## INPUT MATERIAL
=== Section Start ===

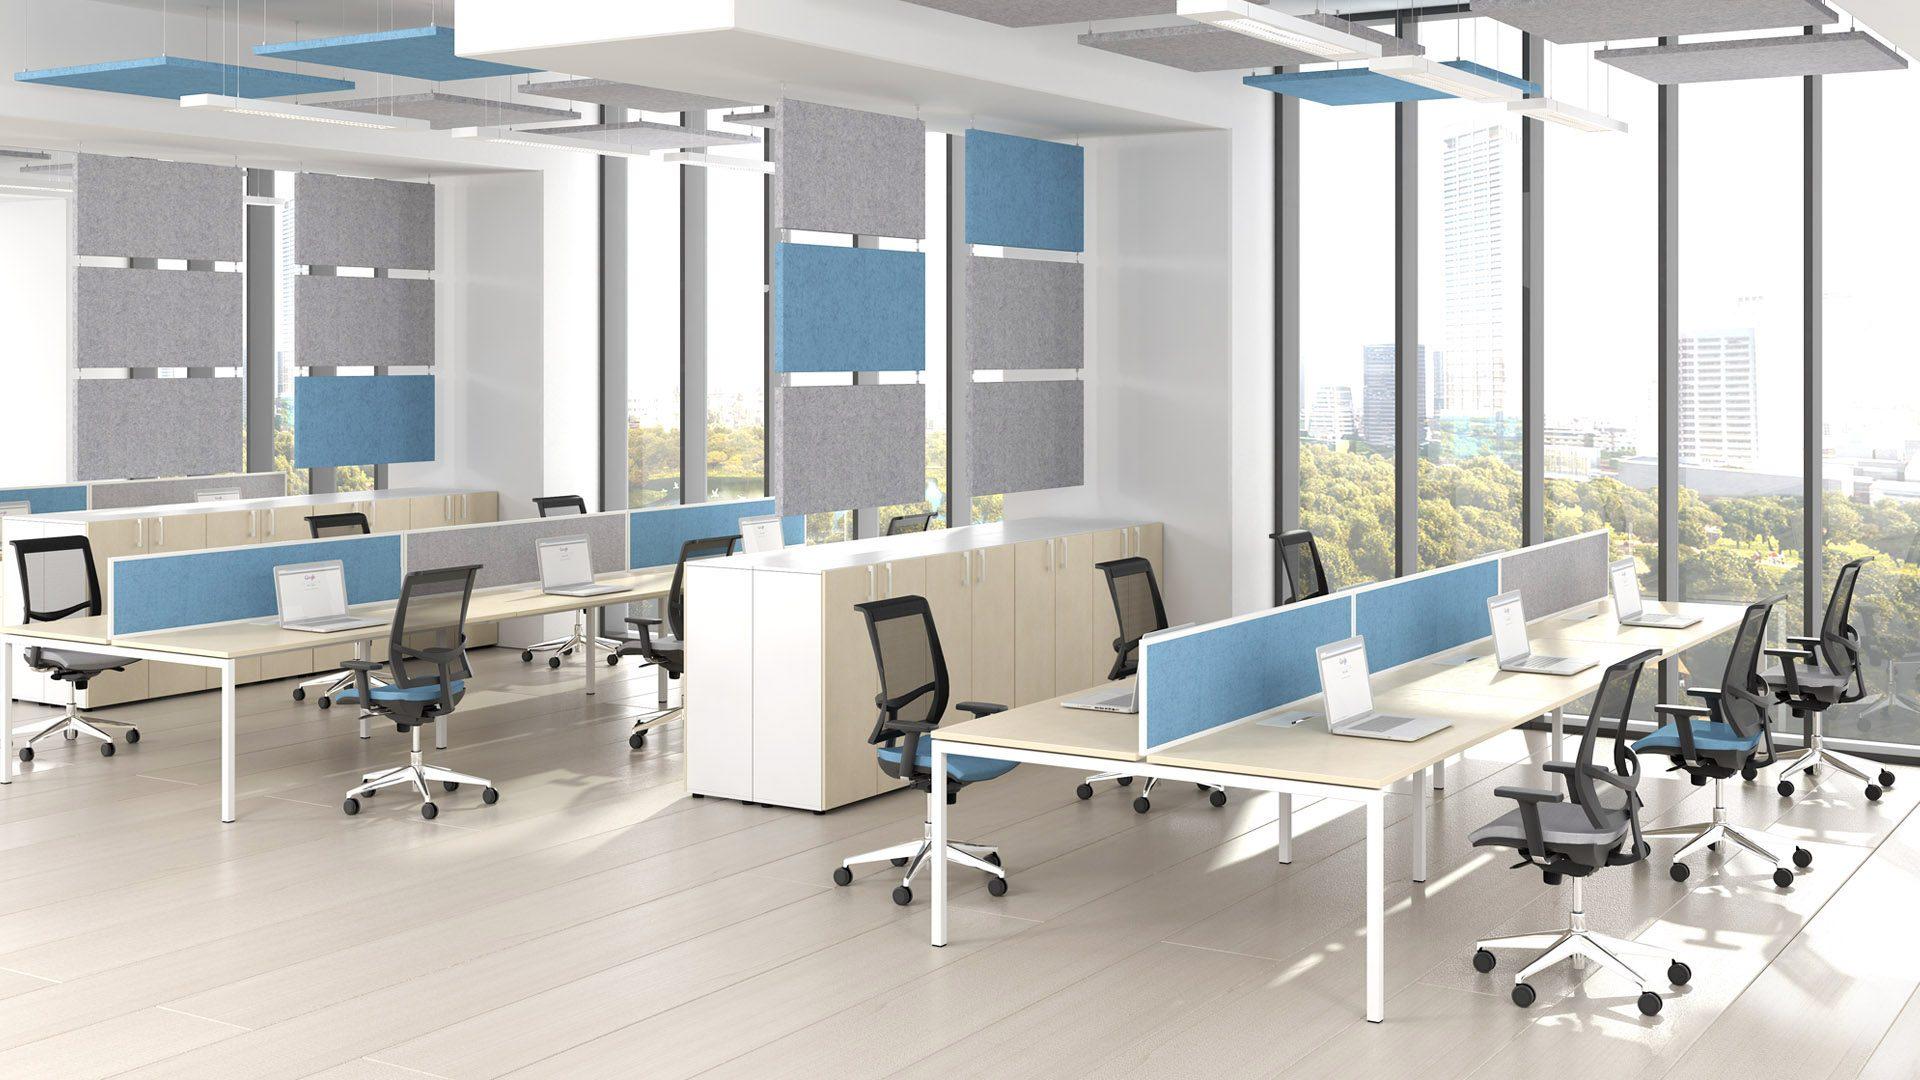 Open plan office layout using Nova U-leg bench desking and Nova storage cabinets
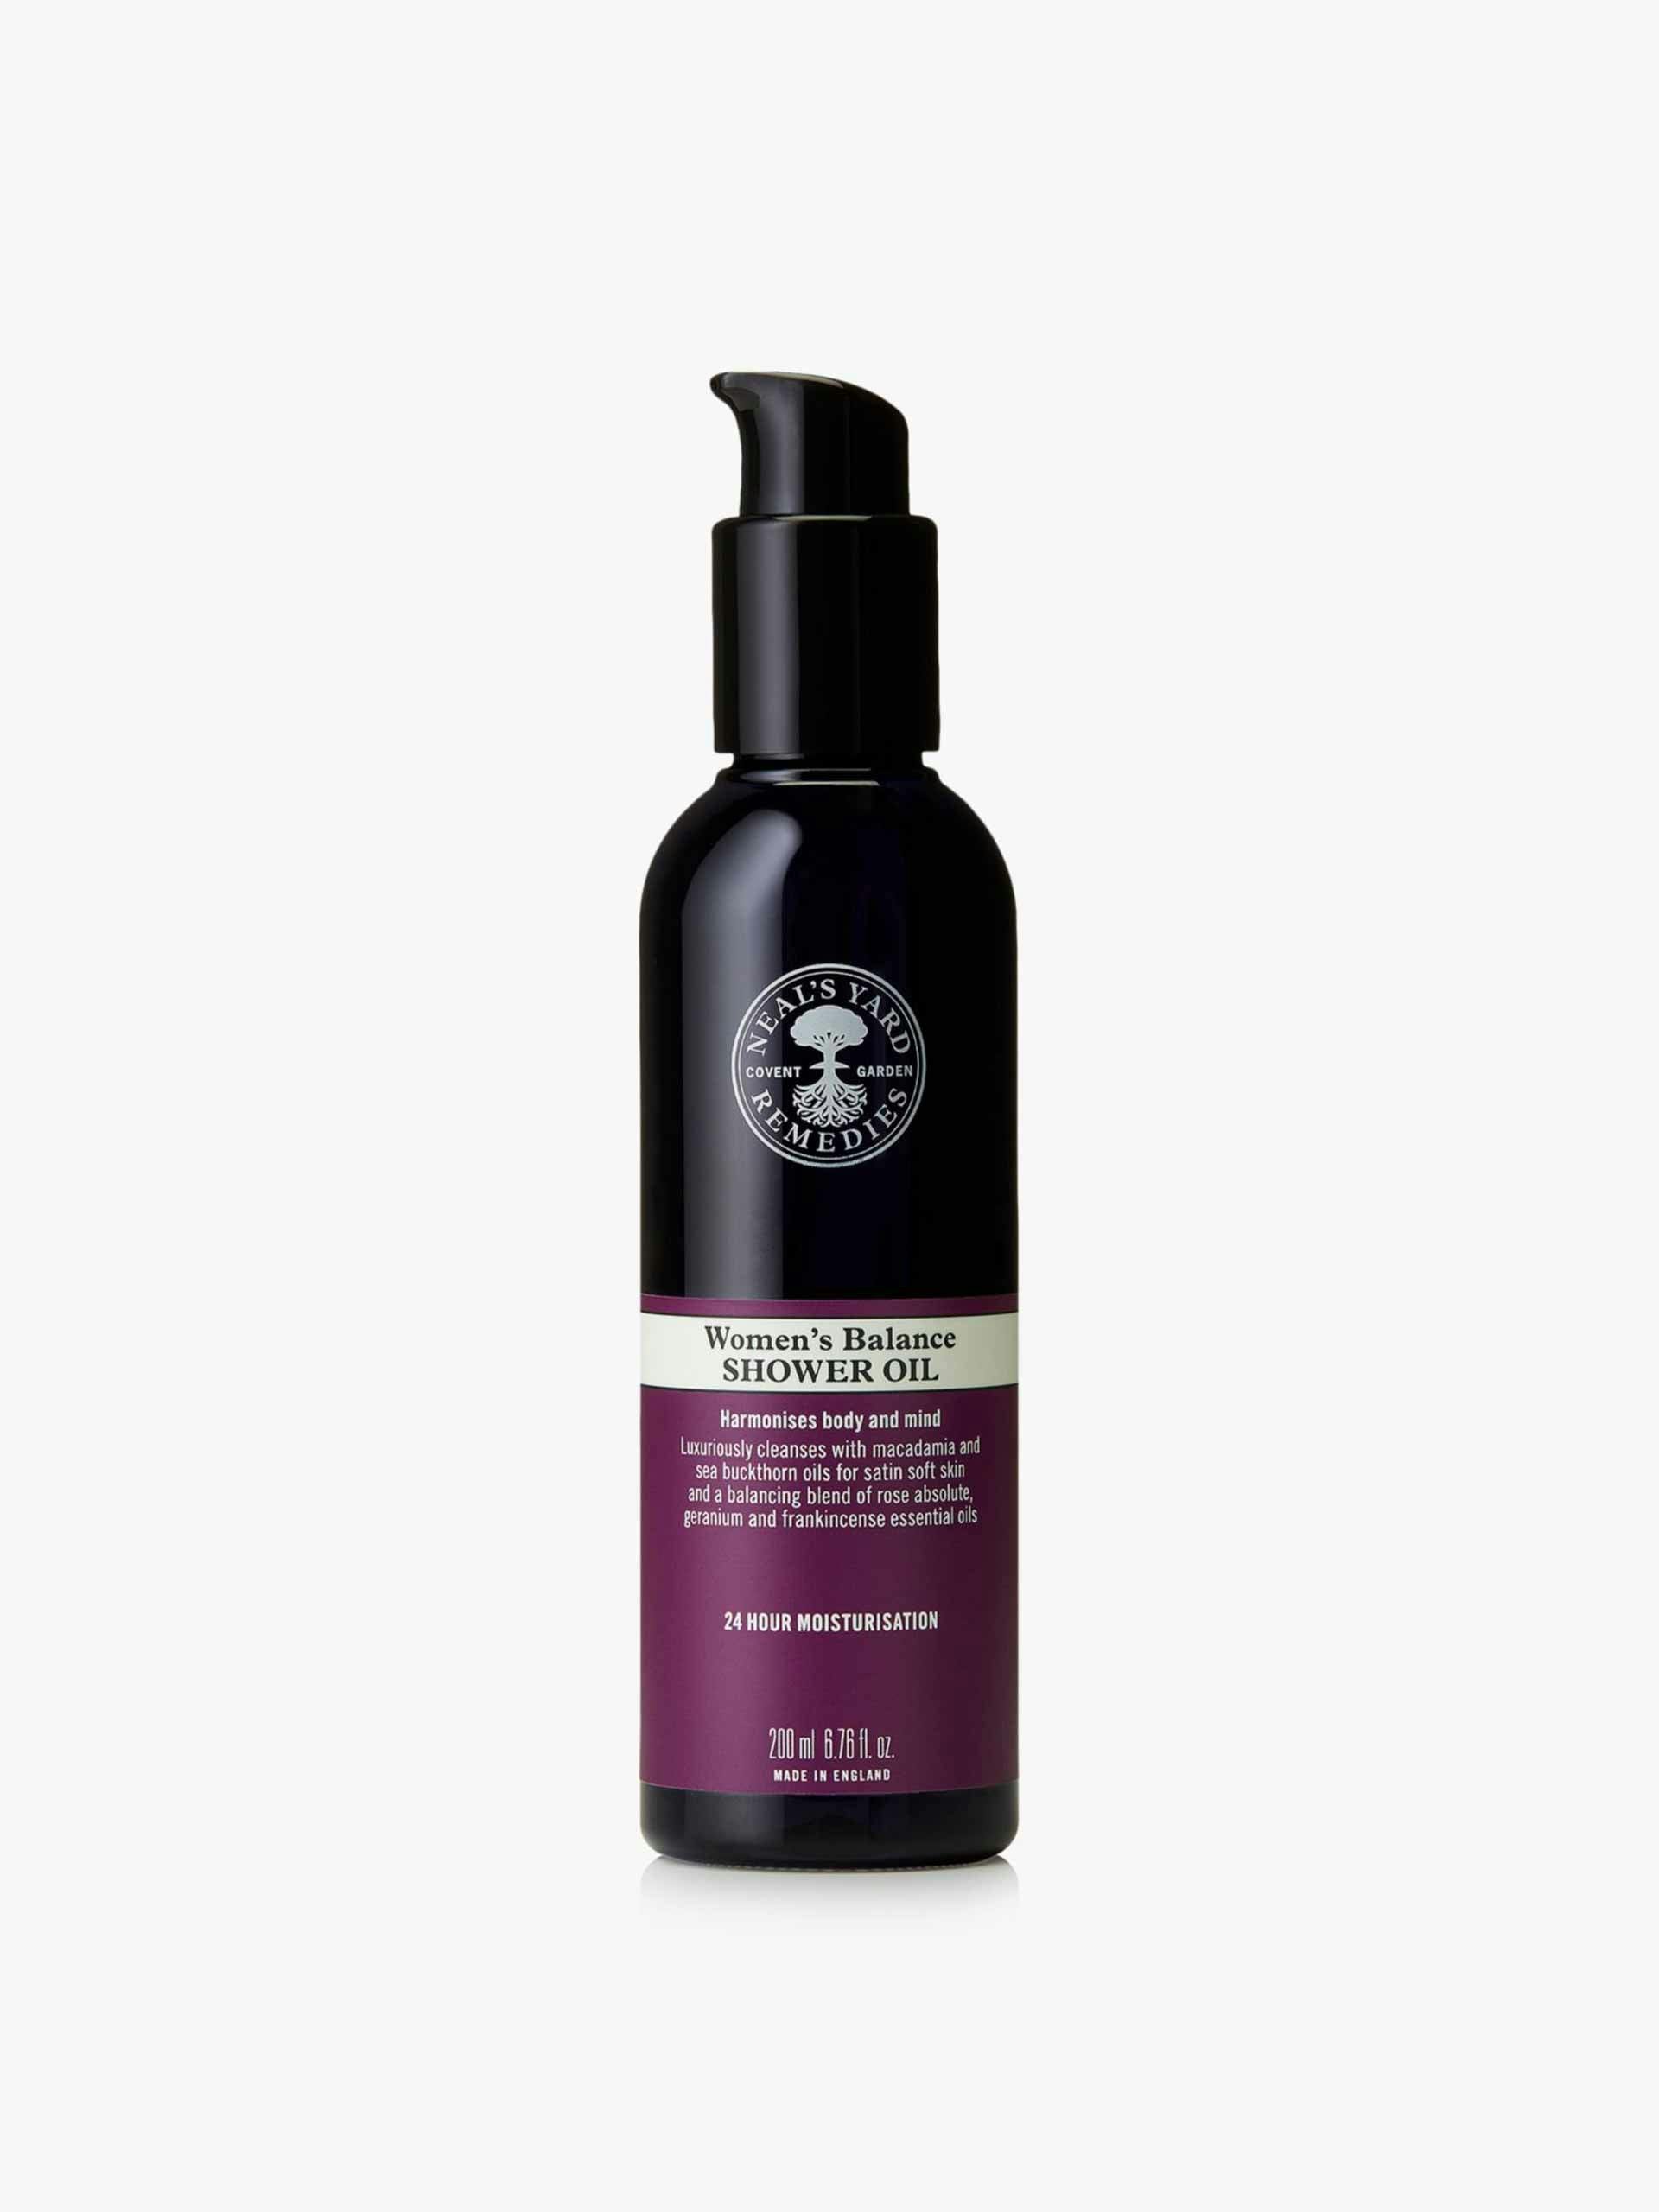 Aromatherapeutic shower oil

=== Section End ===
=== Section Start ===

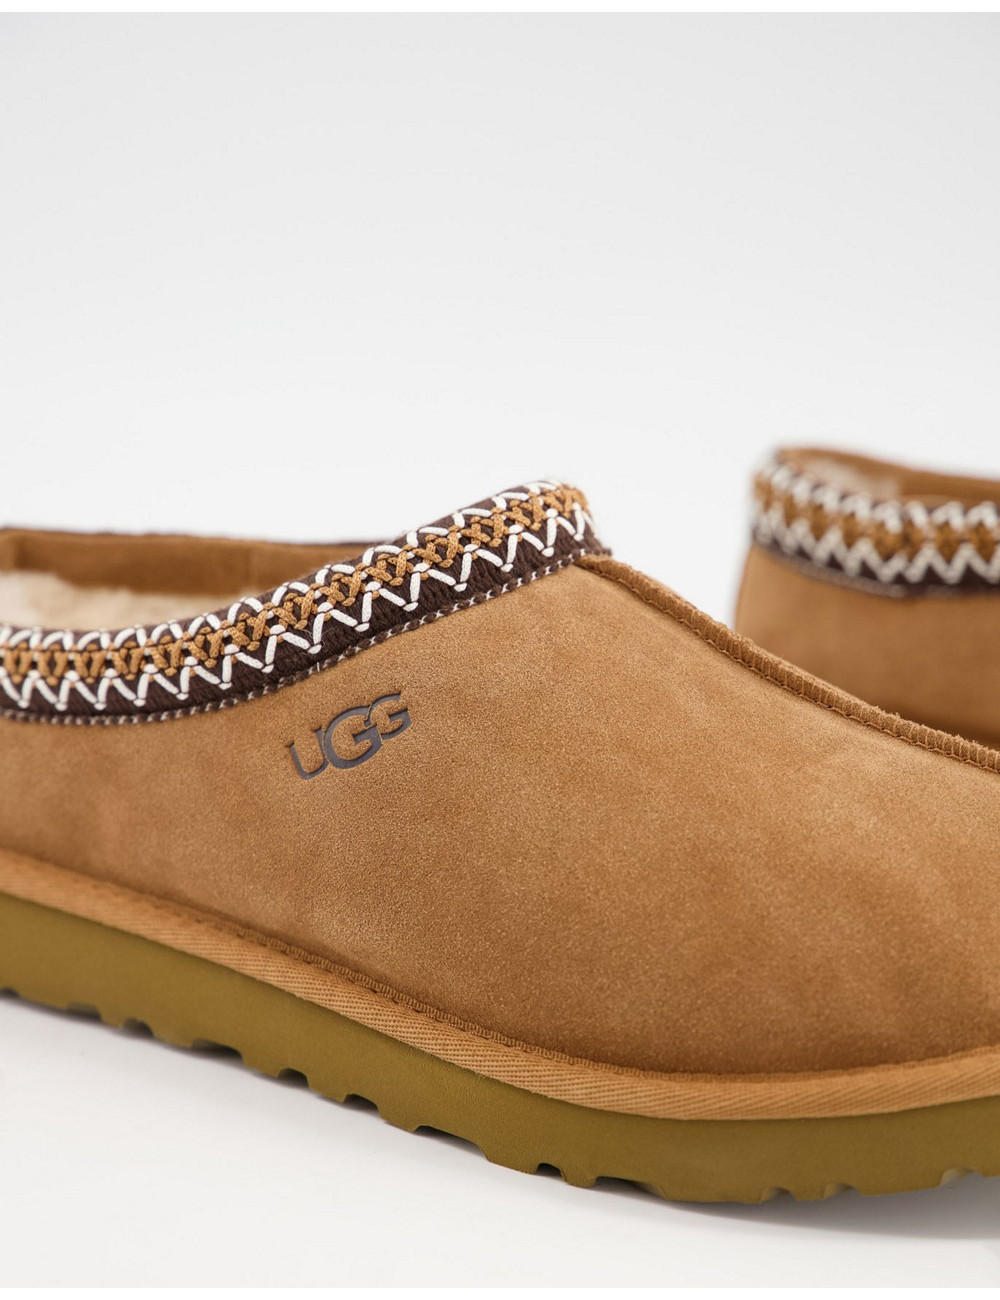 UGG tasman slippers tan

=== Section End ===

## TO DO
Only the lines of the listing above from the one with "Open plan office" through the one with "Aromatherapeutic shower oil" should be output, exactly, with both ends kept and pictures left out.

## RESPONSE
 Open plan office layout using Nova U-leg bench desking and Nova storage cabinets
 Aromatherapeutic shower oil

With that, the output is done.